The params of the Rating function should be user=`user_indexed`, product=`song_indexed`and rating=`count`

param `df` Dataframe which has `user_indexed` and `song_indexed` fields (output from `convert()` method)  
`return` RDD containg Rating objects


In [8]:
def toRating(df):
    rdd = df.rdd.map(lambda row: Rating(user=row[3],product=row[4],rating=row[2]))
    return rdd
    raise NotImplementedError()

In [9]:
rated = toRating(converted).persist()
rated.take(10)

[Rating(user=162, product=577, rating=2.0),
 Rating(user=162, product=1053, rating=1.0),
 Rating(user=162, product=1646, rating=1.0),
 Rating(user=162, product=1945, rating=1.0),
 Rating(user=162, product=2306, rating=1.0),
 Rating(user=162, product=2702, rating=1.0),
 Rating(user=162, product=3124, rating=1.0),
 Rating(user=810, product=951, rating=2.0),
 Rating(user=810, product=1728, rating=2.0),
 Rating(user=1151, product=3824, rating=1.0)]

In [10]:
'''toRating tests'''
rows = [Rating(user=162, product=577, rating=2.0),
 Rating(user=162, product=1053, rating=1.0),
 Rating(user=162, product=1646, rating=1.0),
 Rating(user=162, product=1945, rating=1.0),
 Rating(user=162, product=2306, rating=1.0)]
assert rated.take(5) == rows, "the first 5 rows were expected to be %s but they were %s" % (rows, rated.take(5))

random.seed(54321)
r = random.randint(100, 2000)

test3 = str(toRating(converted).collect()[r])
correct3 = "Rating(user=599, product=1321, rating=1.0)"
assert test3 == correct3, "the row was expected to be %s but it was %s" % (correct3, test3)


## Train ALS

train ALS model. For testing purposes you have to include a seed, e.g seed=seed. Use the parameter rank=10.

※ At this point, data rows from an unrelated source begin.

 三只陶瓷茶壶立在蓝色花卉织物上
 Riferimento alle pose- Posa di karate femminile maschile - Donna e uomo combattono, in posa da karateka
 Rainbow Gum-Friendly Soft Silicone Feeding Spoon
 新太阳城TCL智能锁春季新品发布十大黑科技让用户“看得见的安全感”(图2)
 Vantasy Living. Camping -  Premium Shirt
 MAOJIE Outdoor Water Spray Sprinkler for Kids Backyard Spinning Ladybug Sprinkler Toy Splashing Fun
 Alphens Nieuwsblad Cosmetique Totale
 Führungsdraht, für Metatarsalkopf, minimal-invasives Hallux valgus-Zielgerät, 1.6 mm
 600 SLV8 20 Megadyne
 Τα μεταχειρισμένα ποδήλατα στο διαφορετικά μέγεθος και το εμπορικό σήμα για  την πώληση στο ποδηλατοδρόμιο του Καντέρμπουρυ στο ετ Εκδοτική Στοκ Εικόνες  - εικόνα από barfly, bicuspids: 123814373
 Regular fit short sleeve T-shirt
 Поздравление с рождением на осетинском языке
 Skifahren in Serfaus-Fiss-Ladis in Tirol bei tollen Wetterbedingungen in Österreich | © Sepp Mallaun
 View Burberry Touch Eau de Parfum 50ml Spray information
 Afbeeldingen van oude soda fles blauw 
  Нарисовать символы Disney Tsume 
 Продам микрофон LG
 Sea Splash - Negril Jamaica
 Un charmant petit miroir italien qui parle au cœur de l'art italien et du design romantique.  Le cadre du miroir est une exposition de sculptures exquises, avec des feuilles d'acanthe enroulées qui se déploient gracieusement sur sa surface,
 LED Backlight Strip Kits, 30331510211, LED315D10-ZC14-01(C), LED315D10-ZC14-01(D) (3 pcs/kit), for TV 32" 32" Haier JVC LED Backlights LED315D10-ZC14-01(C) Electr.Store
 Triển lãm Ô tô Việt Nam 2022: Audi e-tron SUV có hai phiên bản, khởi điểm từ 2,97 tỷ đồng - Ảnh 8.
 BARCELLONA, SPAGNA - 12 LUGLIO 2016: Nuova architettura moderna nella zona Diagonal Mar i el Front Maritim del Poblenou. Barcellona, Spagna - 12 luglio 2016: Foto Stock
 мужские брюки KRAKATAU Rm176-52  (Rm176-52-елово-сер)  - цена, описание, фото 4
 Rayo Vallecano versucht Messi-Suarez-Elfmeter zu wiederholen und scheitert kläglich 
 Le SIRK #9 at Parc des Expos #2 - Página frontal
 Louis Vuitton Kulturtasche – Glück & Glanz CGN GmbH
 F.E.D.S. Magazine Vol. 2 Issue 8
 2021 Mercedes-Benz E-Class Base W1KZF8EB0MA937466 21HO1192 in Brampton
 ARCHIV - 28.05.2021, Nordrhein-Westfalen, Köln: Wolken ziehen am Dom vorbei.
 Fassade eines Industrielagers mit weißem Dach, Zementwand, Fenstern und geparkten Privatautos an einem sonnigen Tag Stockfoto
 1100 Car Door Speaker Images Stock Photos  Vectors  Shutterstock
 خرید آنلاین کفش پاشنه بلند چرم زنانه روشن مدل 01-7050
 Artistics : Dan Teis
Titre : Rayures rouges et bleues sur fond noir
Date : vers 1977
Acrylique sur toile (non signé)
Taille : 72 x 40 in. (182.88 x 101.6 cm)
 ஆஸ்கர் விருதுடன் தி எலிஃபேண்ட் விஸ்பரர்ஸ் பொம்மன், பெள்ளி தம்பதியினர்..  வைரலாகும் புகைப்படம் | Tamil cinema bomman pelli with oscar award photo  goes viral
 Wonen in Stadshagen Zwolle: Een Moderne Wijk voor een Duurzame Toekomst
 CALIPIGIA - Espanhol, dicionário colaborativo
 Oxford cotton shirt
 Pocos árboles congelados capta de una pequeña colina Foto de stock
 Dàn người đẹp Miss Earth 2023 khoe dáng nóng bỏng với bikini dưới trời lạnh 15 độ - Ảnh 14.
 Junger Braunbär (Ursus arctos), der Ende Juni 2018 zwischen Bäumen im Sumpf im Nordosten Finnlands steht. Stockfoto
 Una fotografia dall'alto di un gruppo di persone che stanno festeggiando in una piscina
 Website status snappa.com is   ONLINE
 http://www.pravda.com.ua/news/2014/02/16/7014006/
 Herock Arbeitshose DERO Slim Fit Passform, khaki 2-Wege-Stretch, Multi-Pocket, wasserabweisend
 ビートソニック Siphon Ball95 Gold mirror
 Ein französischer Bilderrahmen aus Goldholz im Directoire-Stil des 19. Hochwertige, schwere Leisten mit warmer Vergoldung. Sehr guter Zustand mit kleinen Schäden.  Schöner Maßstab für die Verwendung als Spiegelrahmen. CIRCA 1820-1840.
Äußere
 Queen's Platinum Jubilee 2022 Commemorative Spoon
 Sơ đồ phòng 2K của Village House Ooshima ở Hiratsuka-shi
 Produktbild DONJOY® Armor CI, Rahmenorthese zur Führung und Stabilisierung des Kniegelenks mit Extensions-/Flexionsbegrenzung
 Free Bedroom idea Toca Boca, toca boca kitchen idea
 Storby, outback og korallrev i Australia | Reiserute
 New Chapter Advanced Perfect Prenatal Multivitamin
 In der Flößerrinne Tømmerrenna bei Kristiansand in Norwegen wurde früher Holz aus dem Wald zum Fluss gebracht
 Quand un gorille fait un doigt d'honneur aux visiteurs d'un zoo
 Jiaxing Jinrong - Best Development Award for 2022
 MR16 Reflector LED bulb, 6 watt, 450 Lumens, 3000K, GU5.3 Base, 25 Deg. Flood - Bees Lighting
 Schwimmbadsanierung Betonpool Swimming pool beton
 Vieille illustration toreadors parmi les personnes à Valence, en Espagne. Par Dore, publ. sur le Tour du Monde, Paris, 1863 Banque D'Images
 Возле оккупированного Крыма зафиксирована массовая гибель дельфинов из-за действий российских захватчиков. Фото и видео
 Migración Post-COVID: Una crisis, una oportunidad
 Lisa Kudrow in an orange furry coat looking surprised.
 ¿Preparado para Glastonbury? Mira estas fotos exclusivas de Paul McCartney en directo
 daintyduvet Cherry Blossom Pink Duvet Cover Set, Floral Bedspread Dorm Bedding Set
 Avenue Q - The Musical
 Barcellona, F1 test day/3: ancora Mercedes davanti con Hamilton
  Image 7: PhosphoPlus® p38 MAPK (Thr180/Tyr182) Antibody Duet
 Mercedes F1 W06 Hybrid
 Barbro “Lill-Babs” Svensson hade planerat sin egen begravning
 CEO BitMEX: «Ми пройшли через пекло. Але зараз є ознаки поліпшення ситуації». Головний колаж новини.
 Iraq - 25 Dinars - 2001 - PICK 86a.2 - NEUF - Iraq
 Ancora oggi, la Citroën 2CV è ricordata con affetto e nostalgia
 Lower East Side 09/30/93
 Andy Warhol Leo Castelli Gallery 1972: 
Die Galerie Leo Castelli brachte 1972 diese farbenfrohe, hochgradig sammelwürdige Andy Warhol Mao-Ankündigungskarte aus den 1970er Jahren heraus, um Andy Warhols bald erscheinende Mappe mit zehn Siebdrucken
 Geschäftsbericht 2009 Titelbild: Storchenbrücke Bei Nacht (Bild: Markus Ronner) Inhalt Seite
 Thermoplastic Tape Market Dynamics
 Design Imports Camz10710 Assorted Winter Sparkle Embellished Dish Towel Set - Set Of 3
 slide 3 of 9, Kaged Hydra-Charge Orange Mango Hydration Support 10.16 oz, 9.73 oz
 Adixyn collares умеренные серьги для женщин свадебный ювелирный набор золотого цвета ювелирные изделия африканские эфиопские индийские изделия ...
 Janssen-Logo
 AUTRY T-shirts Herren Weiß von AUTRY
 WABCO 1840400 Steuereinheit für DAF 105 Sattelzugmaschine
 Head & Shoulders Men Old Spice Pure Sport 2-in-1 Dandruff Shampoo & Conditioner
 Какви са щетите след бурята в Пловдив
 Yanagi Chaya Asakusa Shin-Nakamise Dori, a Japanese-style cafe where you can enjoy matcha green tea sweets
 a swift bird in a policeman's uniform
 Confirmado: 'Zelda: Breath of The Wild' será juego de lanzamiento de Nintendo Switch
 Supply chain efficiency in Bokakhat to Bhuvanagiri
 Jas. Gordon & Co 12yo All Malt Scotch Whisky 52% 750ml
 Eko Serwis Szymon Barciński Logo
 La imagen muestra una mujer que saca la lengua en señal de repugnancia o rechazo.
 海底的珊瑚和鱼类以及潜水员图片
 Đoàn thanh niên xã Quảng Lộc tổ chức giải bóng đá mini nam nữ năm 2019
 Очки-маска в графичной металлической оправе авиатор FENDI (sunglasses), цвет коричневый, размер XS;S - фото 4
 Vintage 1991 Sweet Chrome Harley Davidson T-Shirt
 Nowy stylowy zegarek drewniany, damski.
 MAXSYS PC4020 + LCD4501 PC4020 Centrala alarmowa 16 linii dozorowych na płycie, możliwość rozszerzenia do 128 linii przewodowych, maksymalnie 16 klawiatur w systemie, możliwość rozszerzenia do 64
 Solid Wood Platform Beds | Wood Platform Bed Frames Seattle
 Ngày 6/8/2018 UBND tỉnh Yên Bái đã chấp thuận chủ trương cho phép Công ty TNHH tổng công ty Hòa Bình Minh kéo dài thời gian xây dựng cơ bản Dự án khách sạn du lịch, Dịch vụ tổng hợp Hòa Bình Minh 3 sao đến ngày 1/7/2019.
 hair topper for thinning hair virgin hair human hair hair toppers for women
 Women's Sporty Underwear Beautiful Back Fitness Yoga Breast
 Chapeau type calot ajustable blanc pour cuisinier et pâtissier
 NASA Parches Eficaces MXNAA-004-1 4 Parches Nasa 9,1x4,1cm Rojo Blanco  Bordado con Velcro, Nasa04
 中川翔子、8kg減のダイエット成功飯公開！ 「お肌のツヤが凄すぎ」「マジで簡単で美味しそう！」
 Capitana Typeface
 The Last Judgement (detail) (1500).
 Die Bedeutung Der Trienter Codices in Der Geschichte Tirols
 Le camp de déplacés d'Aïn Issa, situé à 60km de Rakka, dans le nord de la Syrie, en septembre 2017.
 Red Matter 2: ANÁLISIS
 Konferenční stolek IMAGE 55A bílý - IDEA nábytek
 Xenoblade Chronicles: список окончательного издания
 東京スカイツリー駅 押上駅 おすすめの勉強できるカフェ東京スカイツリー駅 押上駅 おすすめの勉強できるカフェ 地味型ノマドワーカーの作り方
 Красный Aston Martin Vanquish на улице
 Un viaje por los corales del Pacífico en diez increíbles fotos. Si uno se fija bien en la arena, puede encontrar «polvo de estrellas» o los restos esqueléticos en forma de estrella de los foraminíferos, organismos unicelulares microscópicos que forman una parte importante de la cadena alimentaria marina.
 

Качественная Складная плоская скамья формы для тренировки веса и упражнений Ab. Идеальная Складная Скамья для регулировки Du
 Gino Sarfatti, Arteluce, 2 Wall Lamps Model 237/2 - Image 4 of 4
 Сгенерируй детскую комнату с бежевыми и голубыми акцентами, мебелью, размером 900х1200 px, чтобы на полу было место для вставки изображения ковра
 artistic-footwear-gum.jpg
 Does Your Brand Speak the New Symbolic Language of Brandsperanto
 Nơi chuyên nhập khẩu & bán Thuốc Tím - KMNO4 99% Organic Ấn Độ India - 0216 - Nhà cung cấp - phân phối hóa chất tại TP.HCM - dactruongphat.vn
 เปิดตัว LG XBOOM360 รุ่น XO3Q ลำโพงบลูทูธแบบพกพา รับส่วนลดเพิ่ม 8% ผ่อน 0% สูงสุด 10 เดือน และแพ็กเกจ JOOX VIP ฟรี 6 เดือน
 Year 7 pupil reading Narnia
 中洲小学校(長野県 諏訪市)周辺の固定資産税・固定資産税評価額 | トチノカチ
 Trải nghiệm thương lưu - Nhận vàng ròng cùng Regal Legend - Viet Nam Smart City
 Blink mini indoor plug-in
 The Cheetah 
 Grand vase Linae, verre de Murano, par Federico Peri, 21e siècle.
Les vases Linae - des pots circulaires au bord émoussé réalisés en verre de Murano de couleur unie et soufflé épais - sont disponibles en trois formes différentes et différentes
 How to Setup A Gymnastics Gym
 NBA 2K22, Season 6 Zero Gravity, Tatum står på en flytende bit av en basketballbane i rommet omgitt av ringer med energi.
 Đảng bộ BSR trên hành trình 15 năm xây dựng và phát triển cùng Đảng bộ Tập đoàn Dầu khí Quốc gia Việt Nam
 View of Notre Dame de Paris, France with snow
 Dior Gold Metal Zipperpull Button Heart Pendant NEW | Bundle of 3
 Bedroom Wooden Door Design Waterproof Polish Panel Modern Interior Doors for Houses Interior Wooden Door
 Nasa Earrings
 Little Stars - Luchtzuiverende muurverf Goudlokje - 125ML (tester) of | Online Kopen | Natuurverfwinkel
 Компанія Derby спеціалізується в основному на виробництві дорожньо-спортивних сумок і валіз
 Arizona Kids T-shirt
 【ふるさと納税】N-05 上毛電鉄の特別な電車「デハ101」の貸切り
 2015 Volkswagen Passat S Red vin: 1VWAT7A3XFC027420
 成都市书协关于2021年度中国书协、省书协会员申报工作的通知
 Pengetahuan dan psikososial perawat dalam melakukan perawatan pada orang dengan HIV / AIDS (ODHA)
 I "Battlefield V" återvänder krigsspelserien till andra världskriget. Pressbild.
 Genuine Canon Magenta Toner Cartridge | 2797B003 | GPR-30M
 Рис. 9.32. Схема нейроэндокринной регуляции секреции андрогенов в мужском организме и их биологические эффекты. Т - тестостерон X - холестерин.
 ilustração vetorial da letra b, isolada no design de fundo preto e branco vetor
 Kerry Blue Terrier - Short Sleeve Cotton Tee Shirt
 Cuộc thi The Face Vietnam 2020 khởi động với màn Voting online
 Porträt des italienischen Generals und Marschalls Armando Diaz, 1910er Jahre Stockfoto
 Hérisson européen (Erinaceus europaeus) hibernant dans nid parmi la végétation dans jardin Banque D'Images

https://spark.apache.org/docs/latest/mllib-collaborative-filtering.html#collaborative-filtering

param `data` RDD of Rating objects that is created using `toRating()` method.  
param `seed` value used for testing purposes. 
`return` trained ALS model

In [13]:
def trainALS(data, seed):
    rank = 10
    model = ALS.train(data, rank, seed=seed)
    return model
    raise NotImplementedError()

In [14]:
random.seed(123)
rSeed = random.randint(0, 10000)
model = trainALS(rated, rSeed)

## Recommend Songs

Recommend 5 most suitable songs to a given user, as in 5 songs with the highest ratings.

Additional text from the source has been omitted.